Part of Advances in Neural Information Processing Systems 36 (NeurIPS 2023) Main Conference Track
Haotong Qin, Lei Ke, Xudong Ma, Martin Danelljan, Yu-Wing Tai, Chi-Keung Tang, Xianglong Liu, Fisher Yu
Real-time video matting on edge devices faces significant computational resource constraints, limiting the widespread use of video matting in applications such as online conferences and short-form video production. Binarization is a powerful compression approach that greatly reduces computation and memory consumption by using 1-bit parameters and bitwise operations. However, binarization of the video matting model is not a straightforward process, and our empirical analysis has revealed two primary bottlenecks: severe representation degradation of the encoder and massive redundant computations of the decoder. To address these issues, we propose BiMatting, an accurate and efficient video matting model using binarization. Specifically, we construct shrinkable and dense topologies of the binarized encoder block to enhance the extracted representation. We sparsify the binarized units to reduce the low-information decoding computation.

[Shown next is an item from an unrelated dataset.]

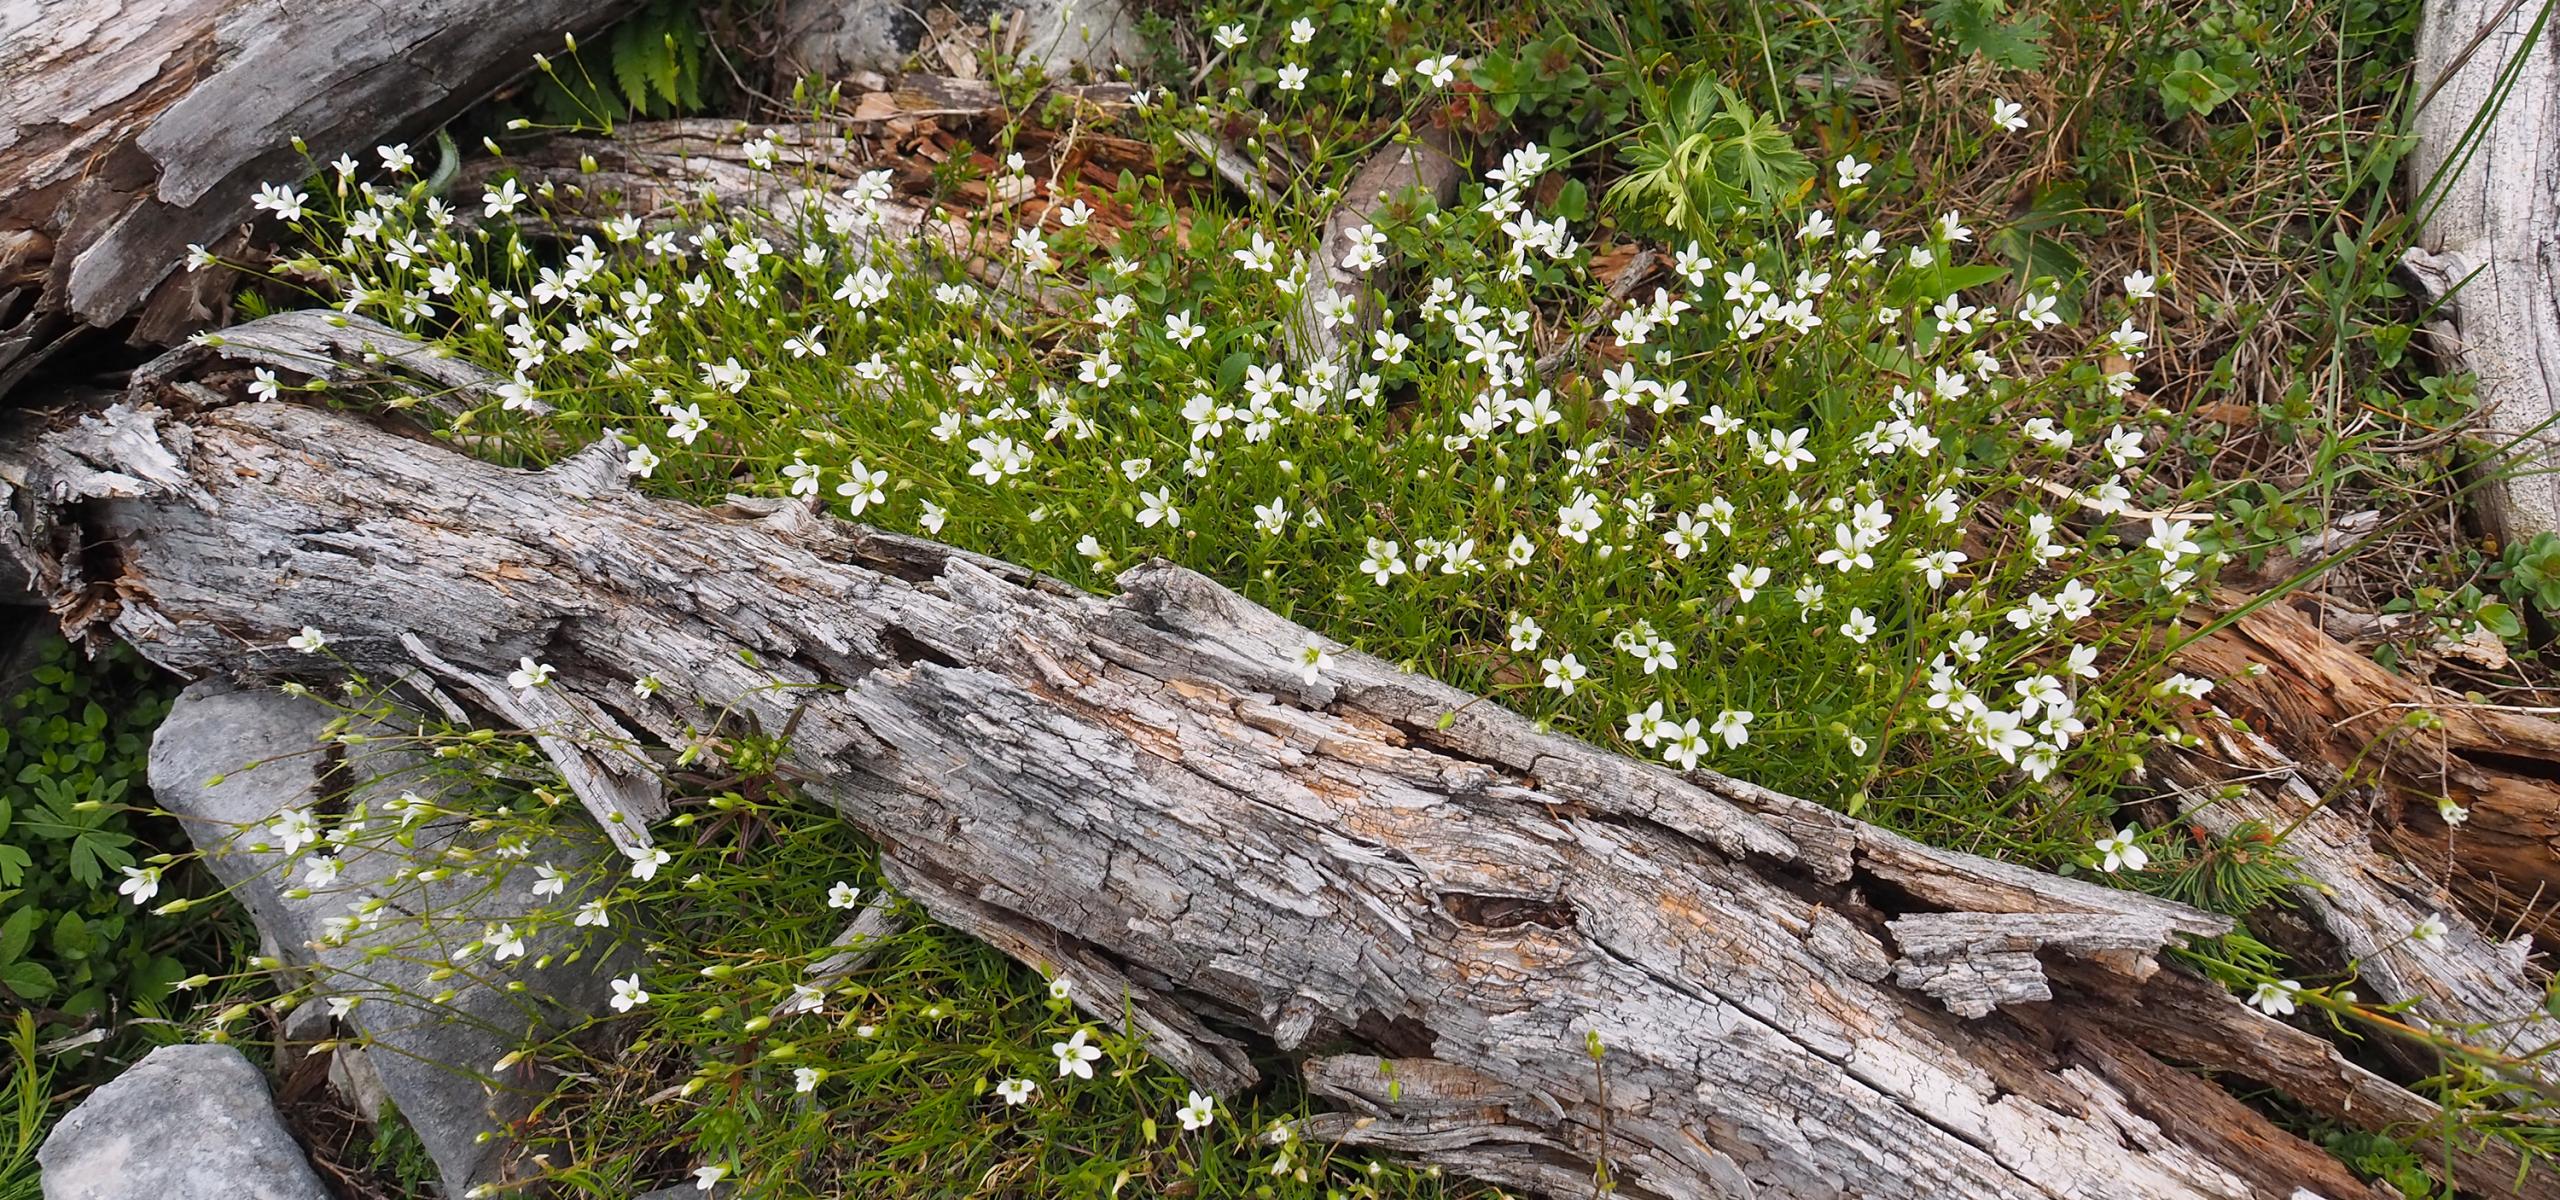 Unter liegendem Totholz sprießen junge Alpenpflanzen
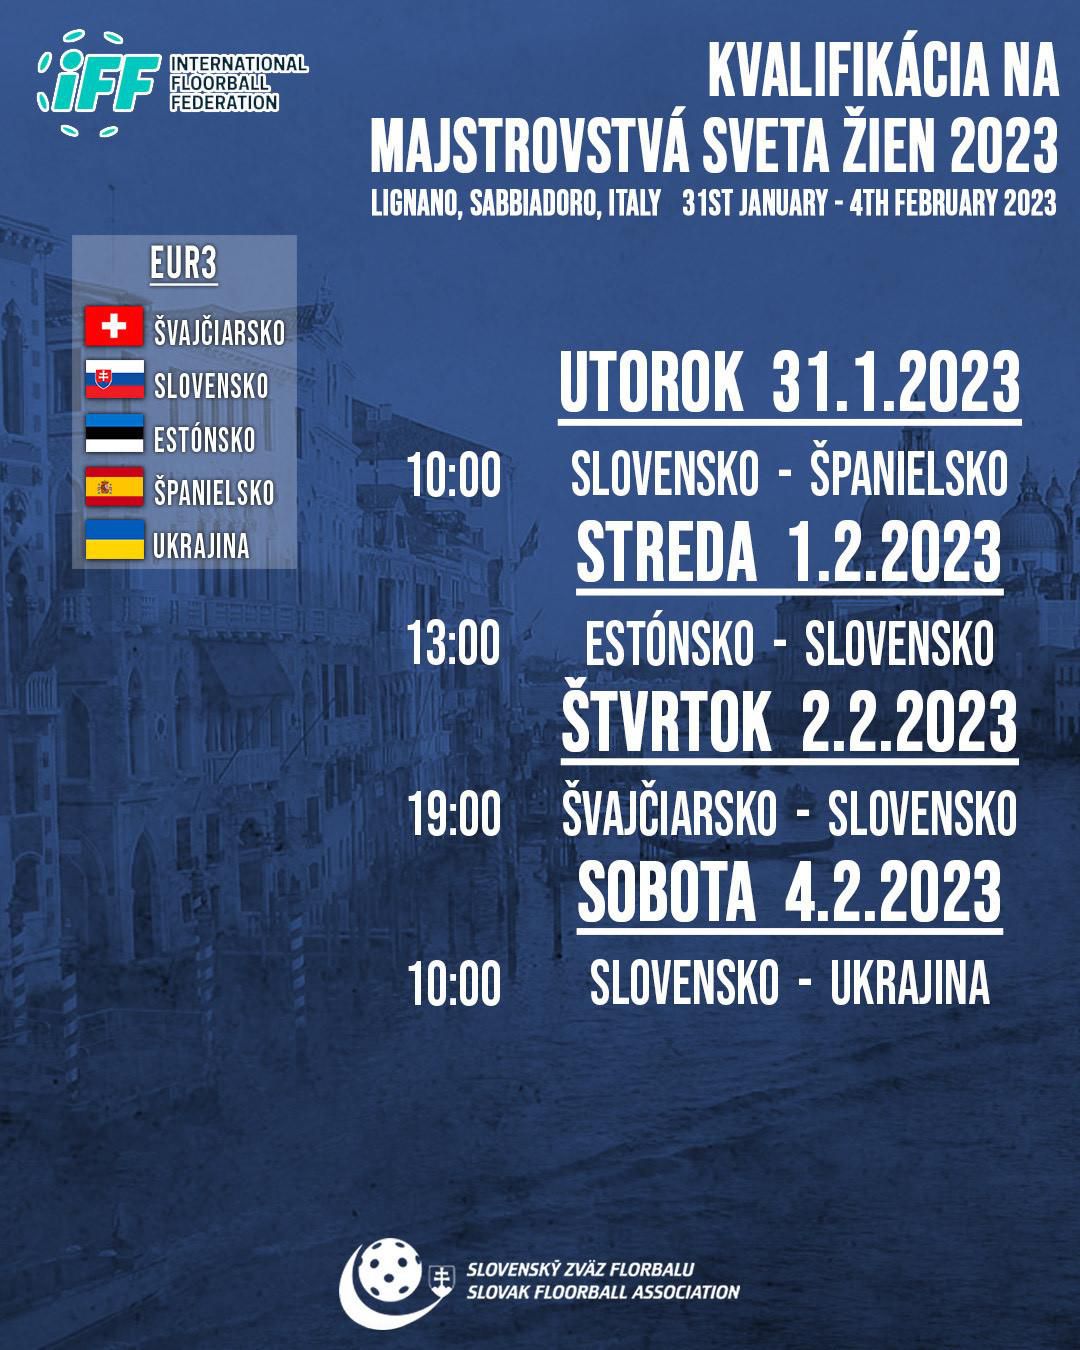 Slovenky sa na kvalifikačnom turnaji stretnú so Španielkami, Estónkami, Švajčiarkami a Ukrajinkami.

Through extensive experiments, we demonstrate that BiMatting outperforms other binarized video matting models, including state-of-the-art (SOTA) binarization methods, by a significant margin. Our approach even performs comparably to the full-precision counterpart in visual quality. Furthermore, BiMatting achieves remarkable savings of 12.4$\times$ and 21.6$\times$ in computation and storage, respectively, showcasing its potential and advantages in real-world resource-constrained scenarios. Our code and models are released at https://github.com/htqin/BiMatting .